= Affiliated High School of Sichuan University =

School in Chengdu, China

The Affiliated High School of Sichuan University (四川大学附属中学) is a public middle school for grades 7-12. It has two campuses, both of which are located in the Wuhou District, Chengdu, Sichuan, China. It is one of the top rated middle schools in Chengdu and it is listed as "Key School of Sichuan Province".

==History==
The Affiliated High School of Sichuan University was founded in 1908. After several name changes, it was renamed as "Chengdu No. 12 Middle School" in 1953. This name was deeply rooted in Chengdu. Till now, many local residents still refer the school as "No. 12 Middle School".

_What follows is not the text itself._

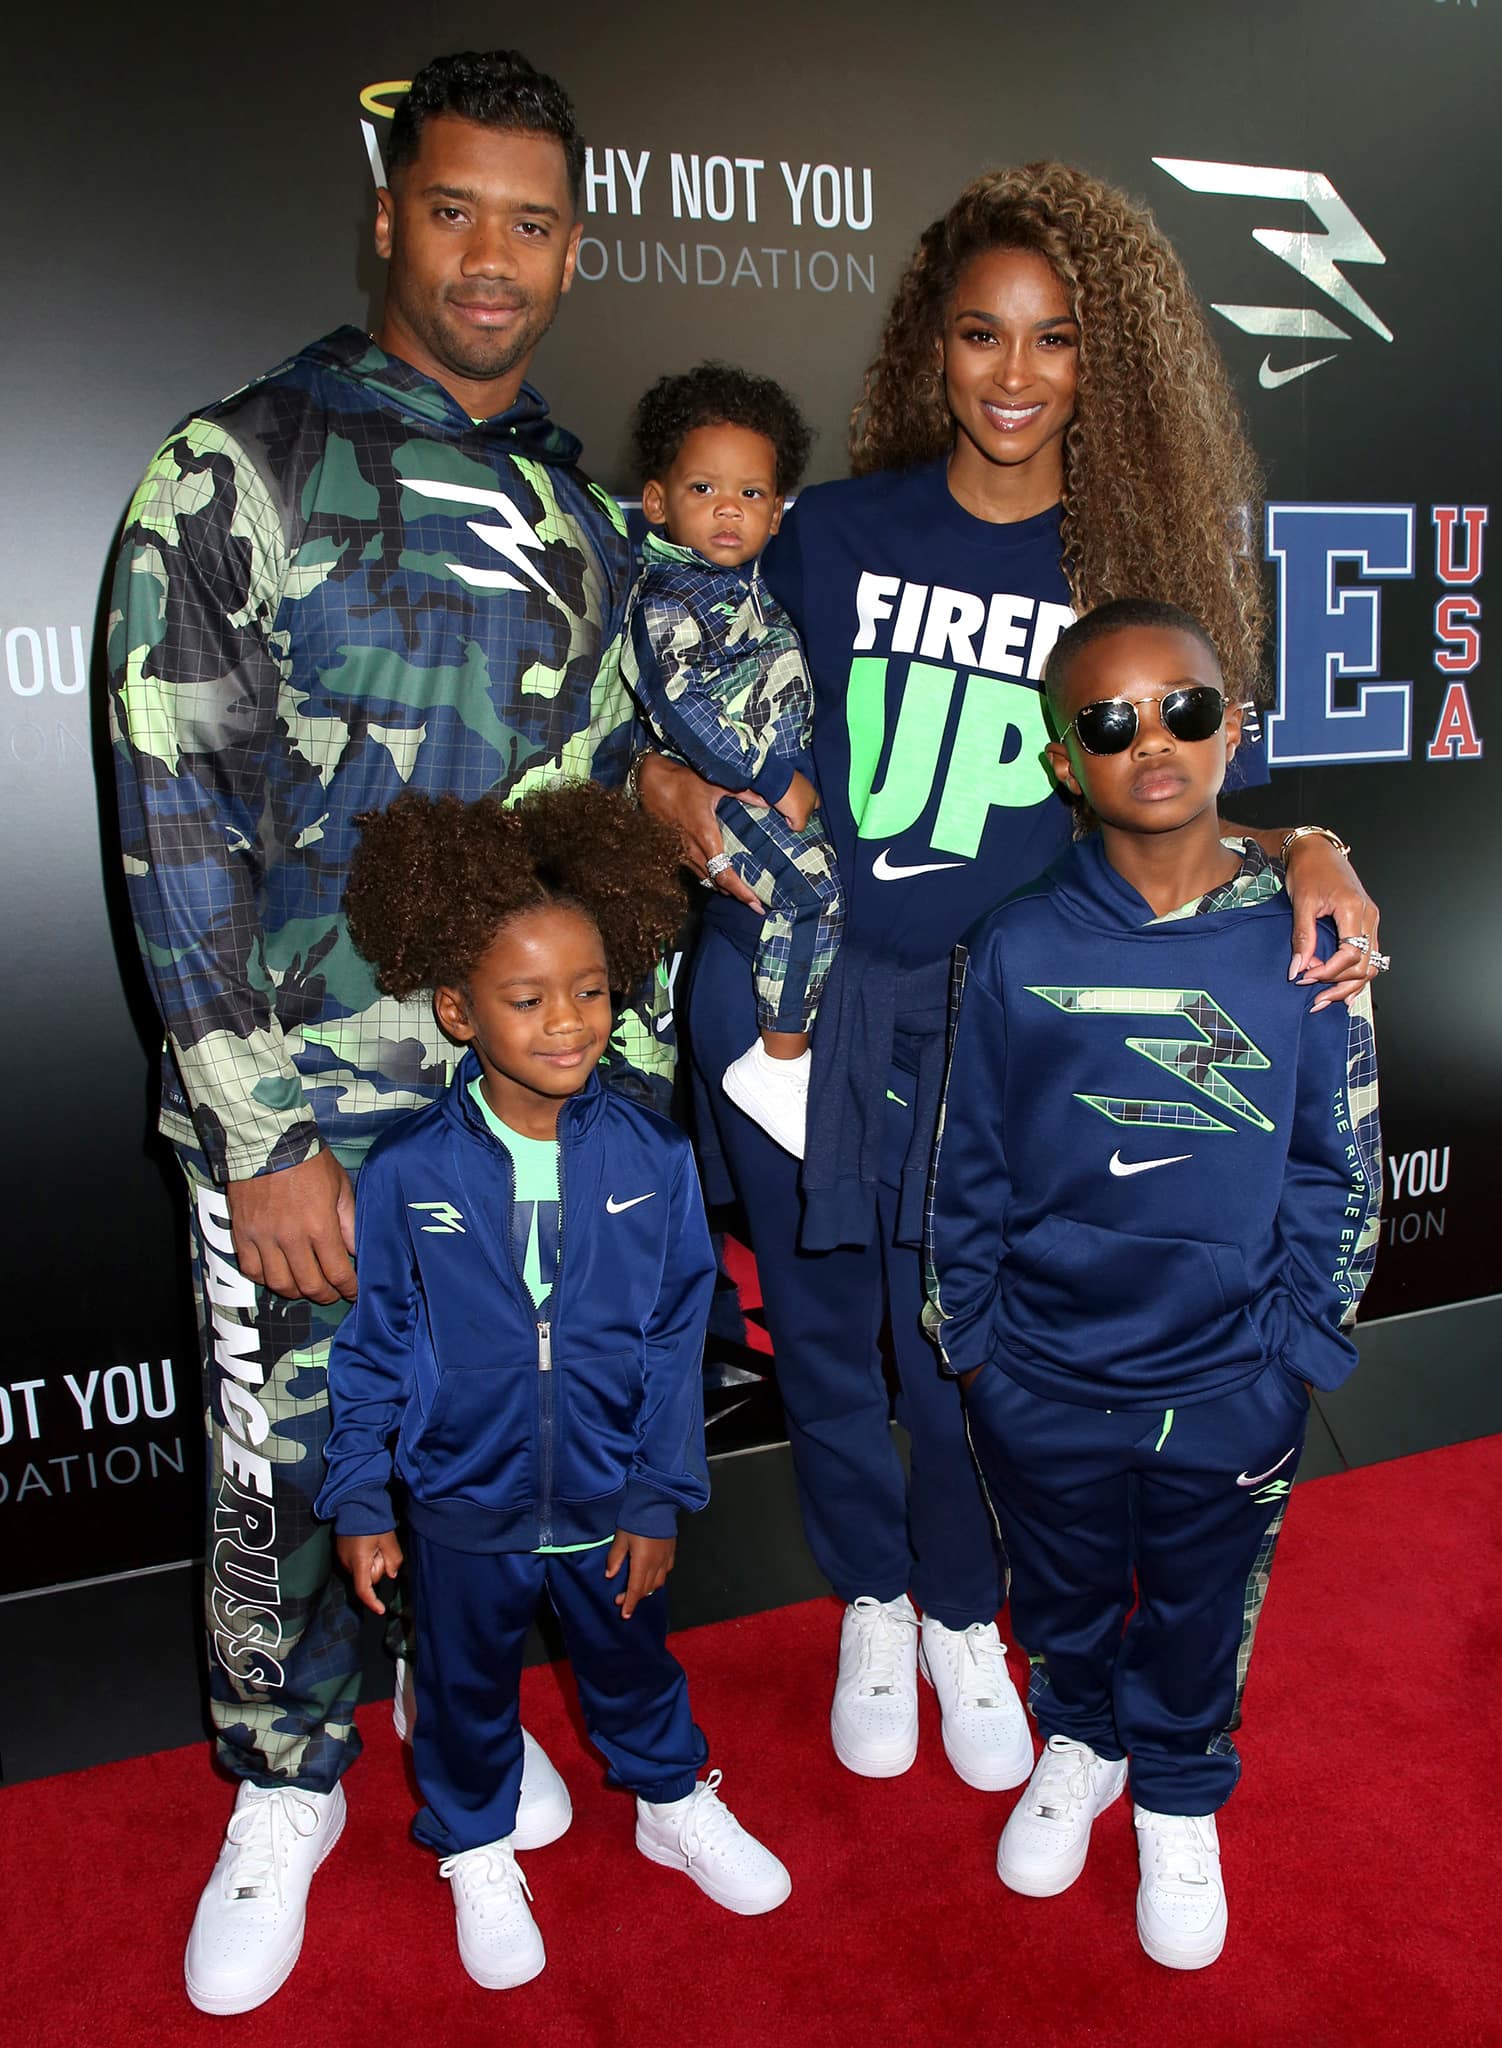 Russell Wilson launches 3BRAND clothing line with Ciara and their three kids, sons Future Jr, 7, and Win, 11 months, and daughter Sienna, 4, at Rookie USA Flagship Store in NYC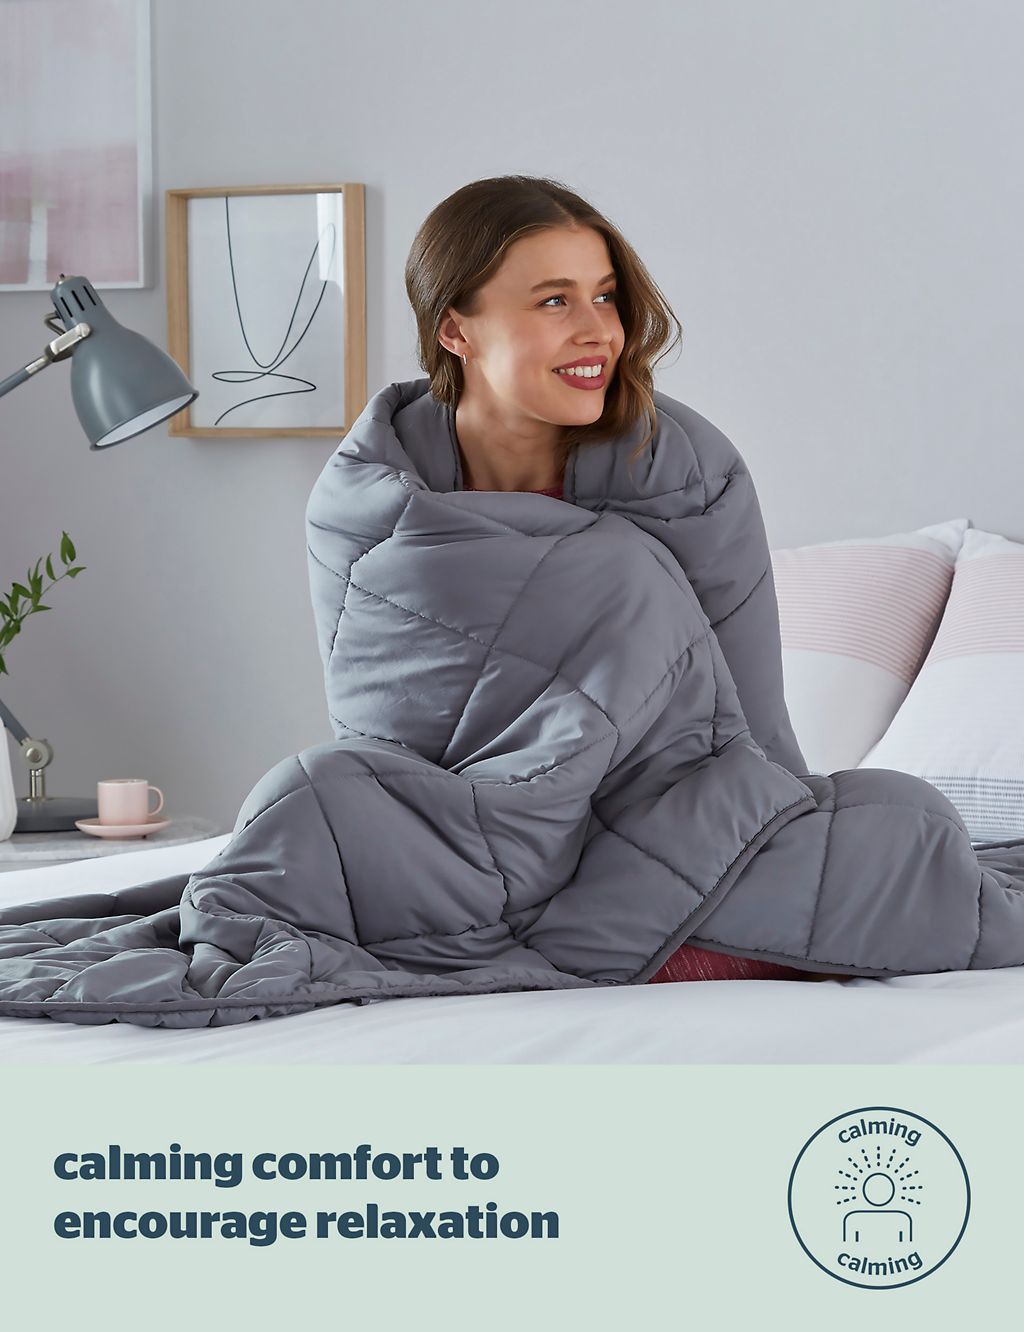 Wellbeing 6kg Weighted Blanket 7 of 7

In 2003, The School resumed its initial name, "The Affiliated High School of Sichuan University", after incorporating its neighbor, Chengdu No. 29 Middle School, which only offered 7-9 grades education at that time. In 2009, Chengdu No. 50 Middle School was merged into the Affiliated High School, bringing a new campus to it.

==Notable alumni==
The notable alumni of the school include:

- Guo Moruo (Simplified Chinese:郭沫若), a prestigious Chinese author, poet, historian, and archaeologist.
- Yang Shangkun (Simplified Chinese:杨尚昆), former President of China, and permanent Vice-chair of the Central Military Commission of China.
- Wang Youmu (Simplified Chinese:王右木), one of the first communism revolution leaders in Sichuan.
- Yuan Shiyao (Simplified Chinese:袁诗尧), communism revolutionist and early leader of Chinese Communist Party in Sichuan
- Meng Wentong (Simplified Chinese:蒙文通), historian and distinctive classic Chinese philosophy researcher.
- Li Jieren (Simplified Chinese:李颉人), author and novelist. His works has strong background of Chengdu culture.